California is suffering from a collapse in tax revenues partially brought on by the recession but also disastrous tax cutting and gridlock-inducing budget procedures. Schwartzenegger's proposed spending cuts could create as many problems as they solve. Time to stop living of the state credit cards and pay up.
OPINION
EDITORIAL
The Sorry State of the States
Published: May 24, 2009
Is California next in line for a bailout? Facing a $21 billion budget gap, California has asked for federal aid, probably in the range of $5 billion to $10 billion. Whatever form it might take, say loans or loan guarantees, taxpayers nationwide would be kicking in to help clean up California's mess.
What the Obama administration should make clear is that a bias for spending cuts - and against tax increases - is the wrong approach for California and other states.
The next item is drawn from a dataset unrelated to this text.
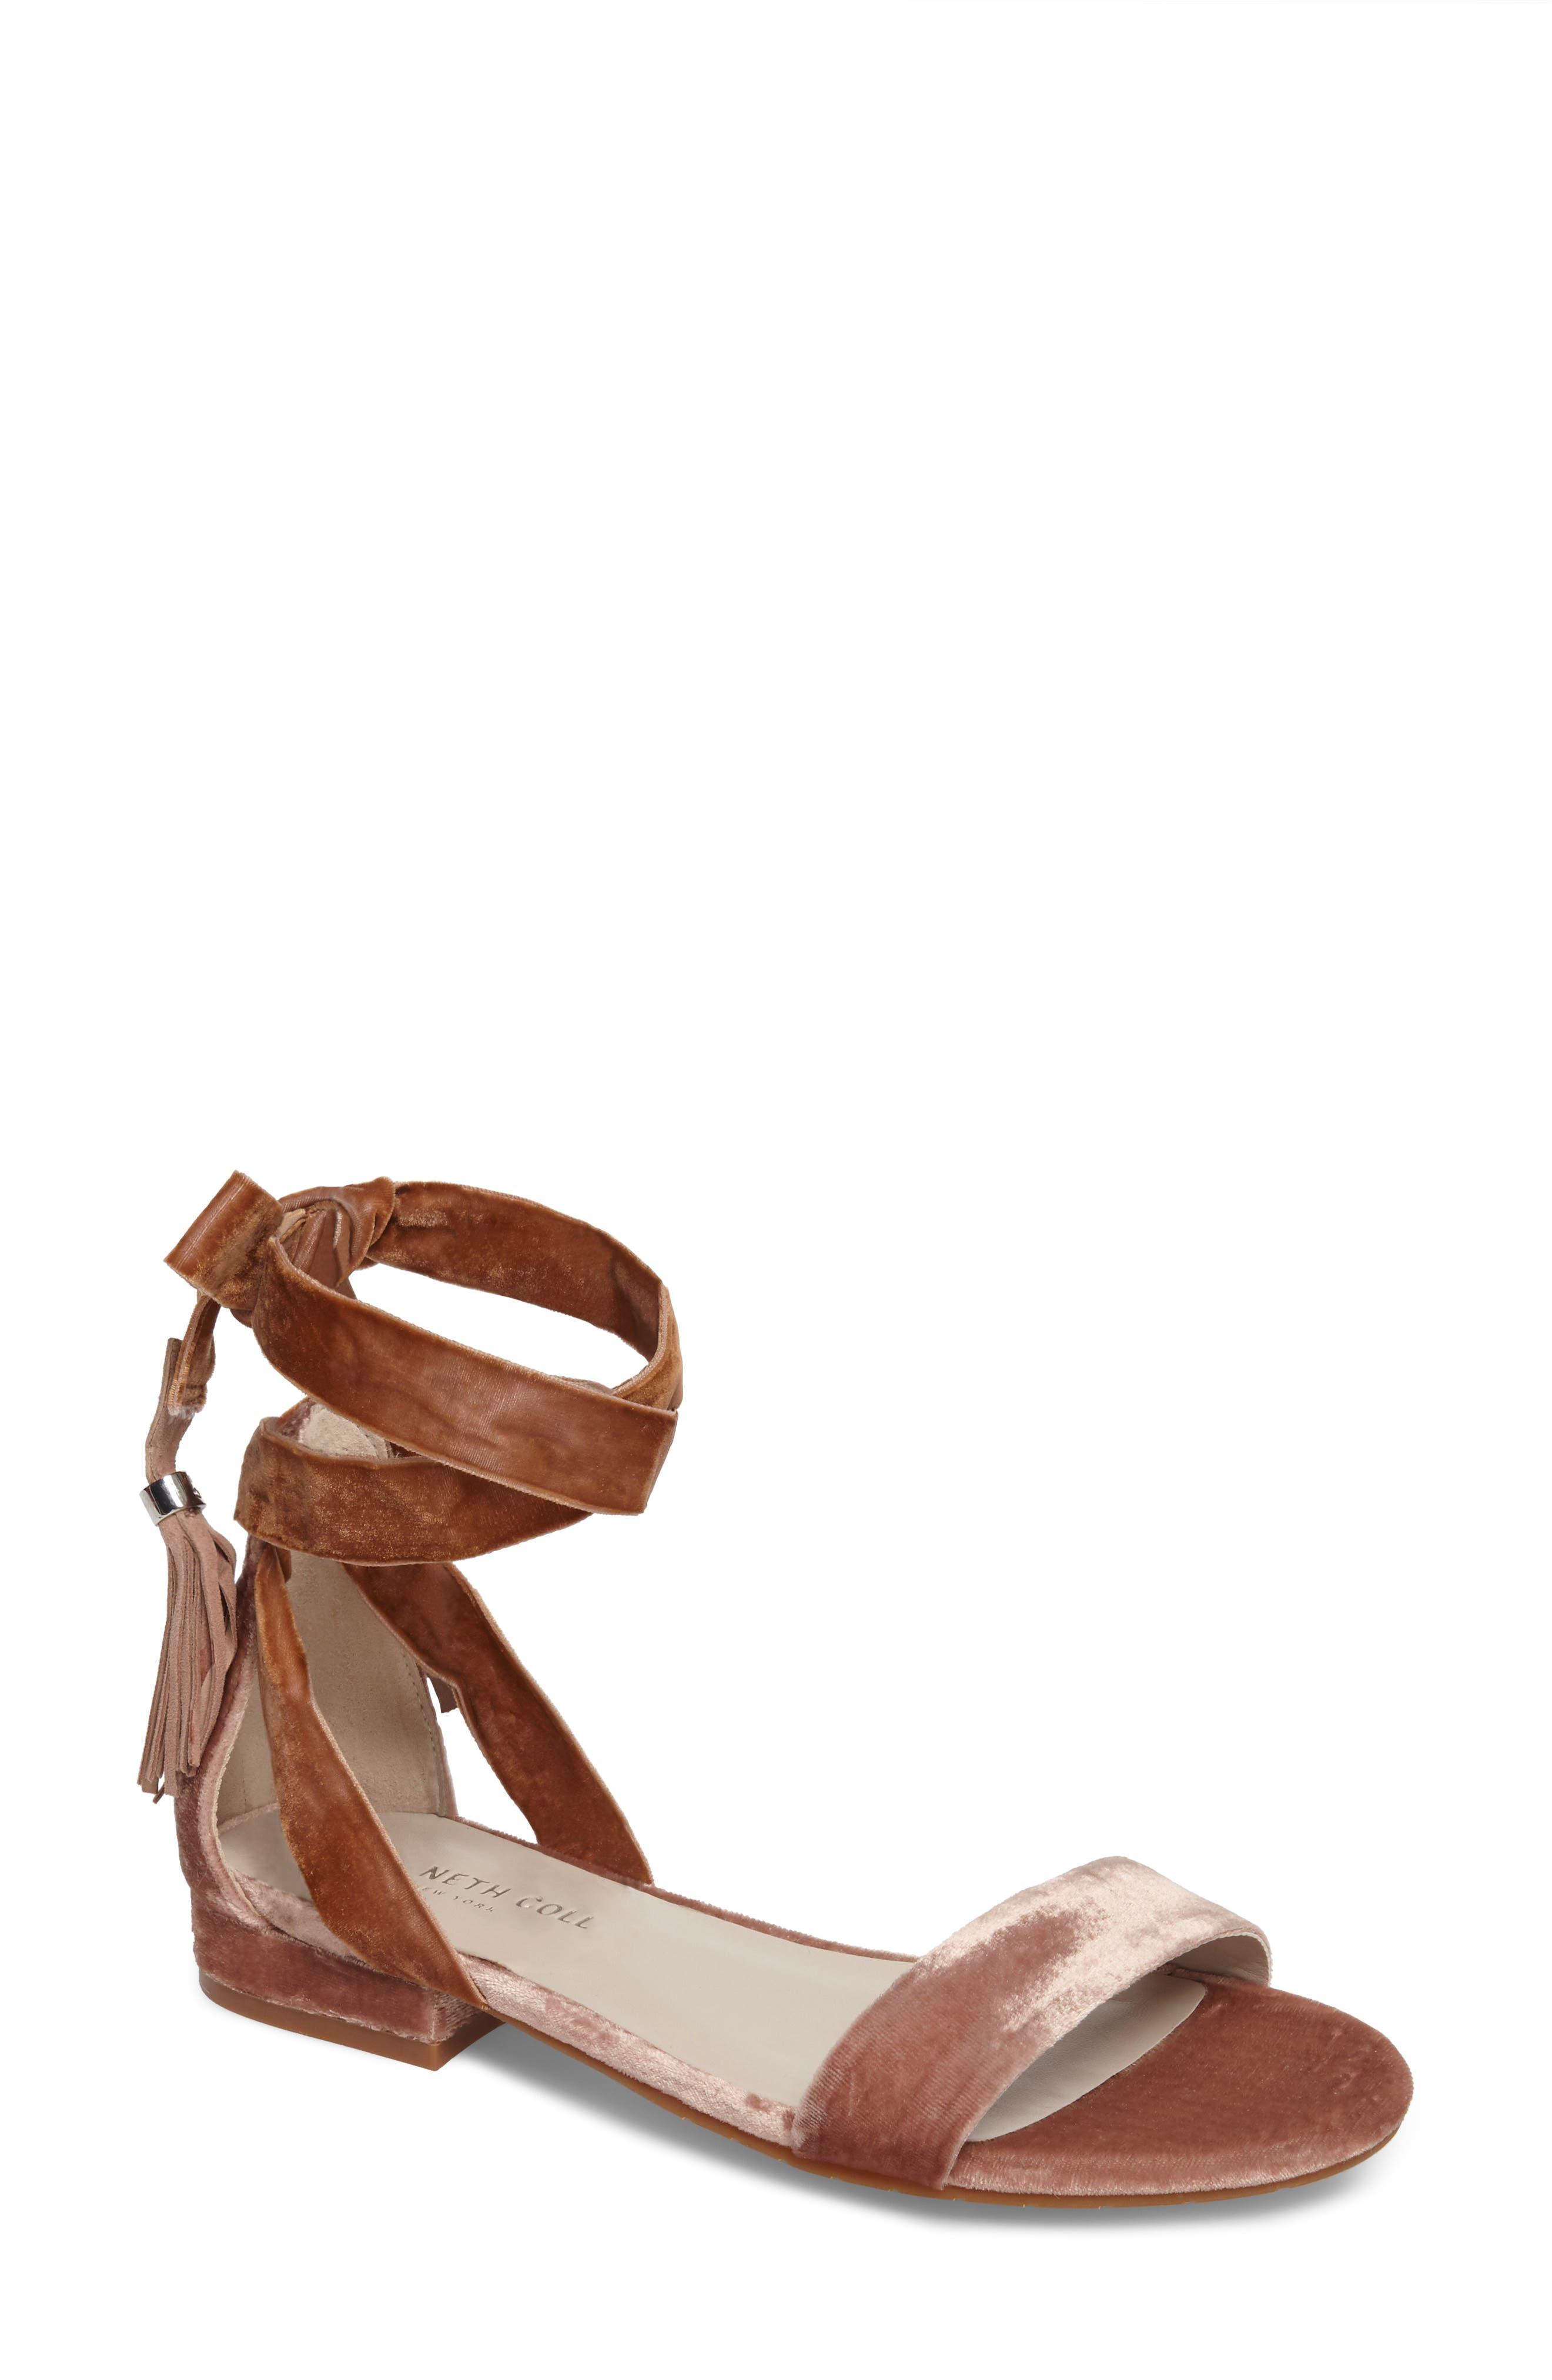 Valen Tassel Lace-Up Sandal,                             Main thumbnail 1, color,                             Blush Velvet
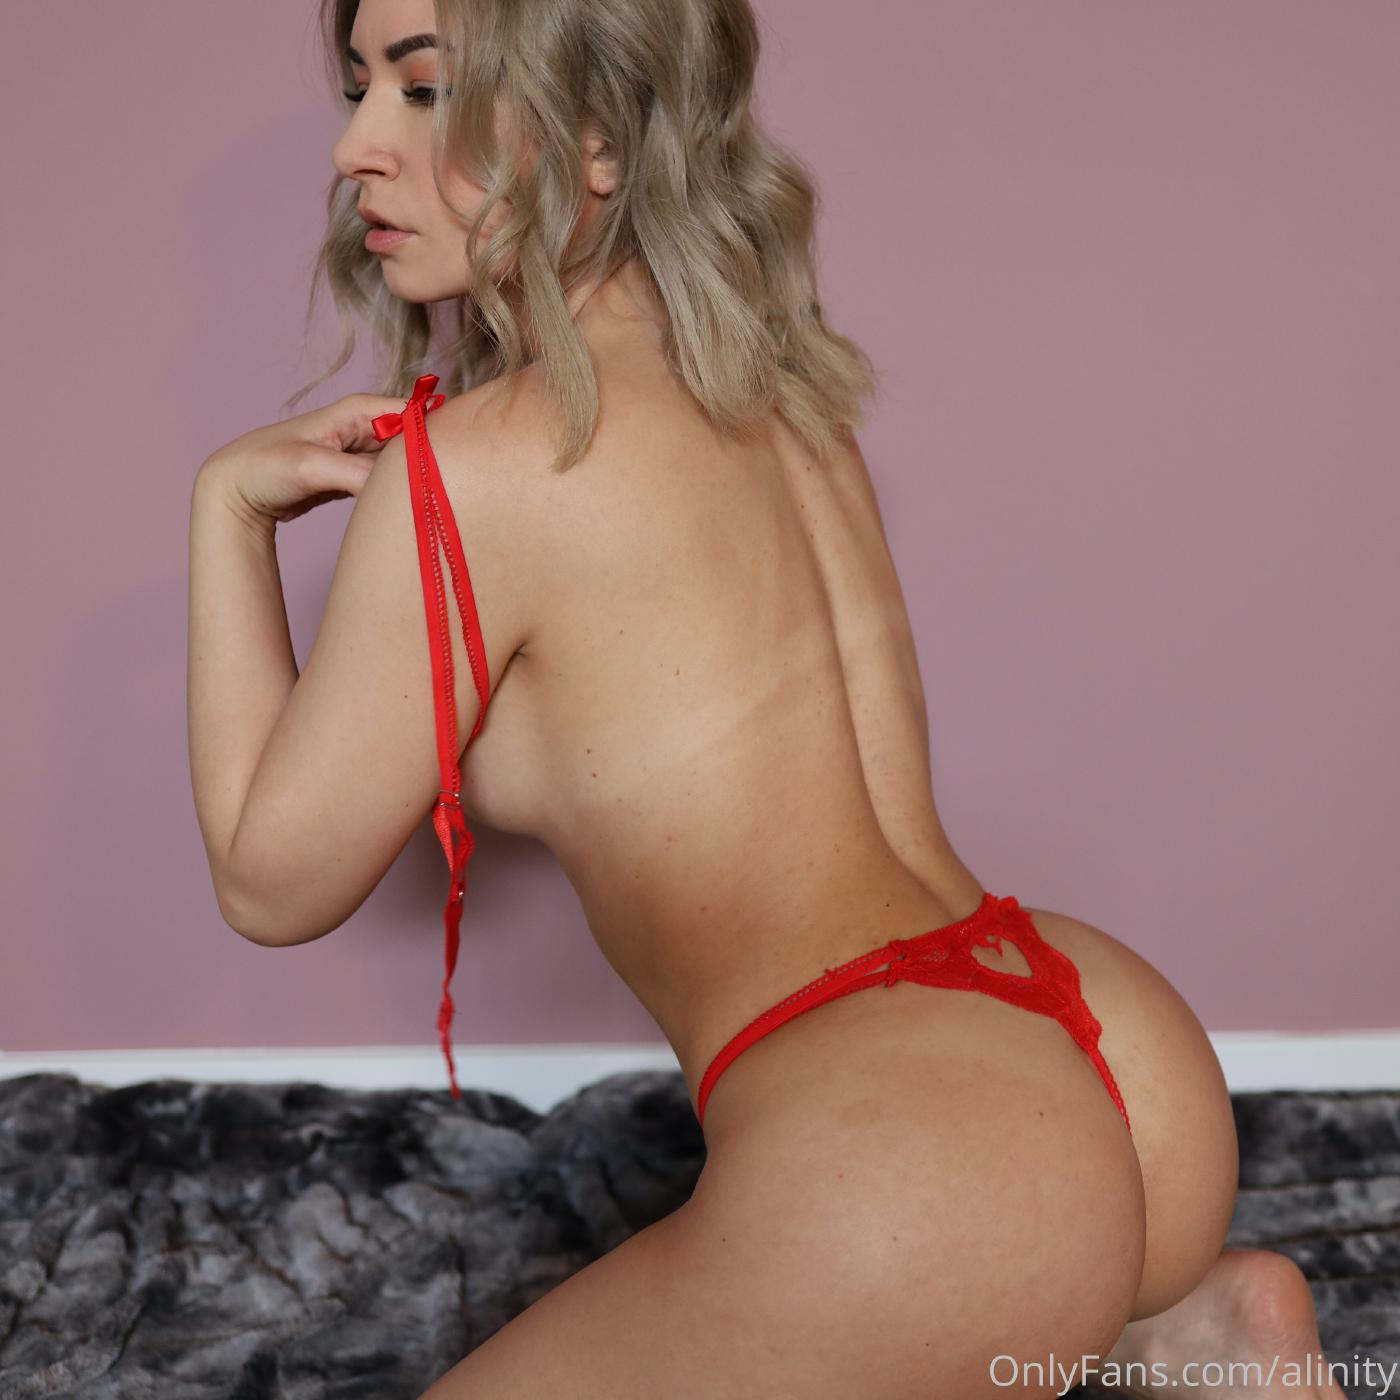 Alinity Nude Lingerie Onlyfans Set Leaked Mxrinp

Both spending cuts and tax increases are harmful in a downturn, because they reduce already weak consumer demand. But most states are required by law to balance their budgets, so when deficits emerge, they are forced to do one or the other, or both.
Contrary to conventional wisdom, raising taxes may be better than spending cuts because tax increases, especially if they are focused on wealthy taxpayers, have less of a negative impact on consumption.
Spending cuts hit consumption hard, depriving the economy of money that would otherwise be spent quickly. They also have the disadvantage - so evident in the cuts proposed by Mr. Schwarzenegger - of falling heavily on the needy.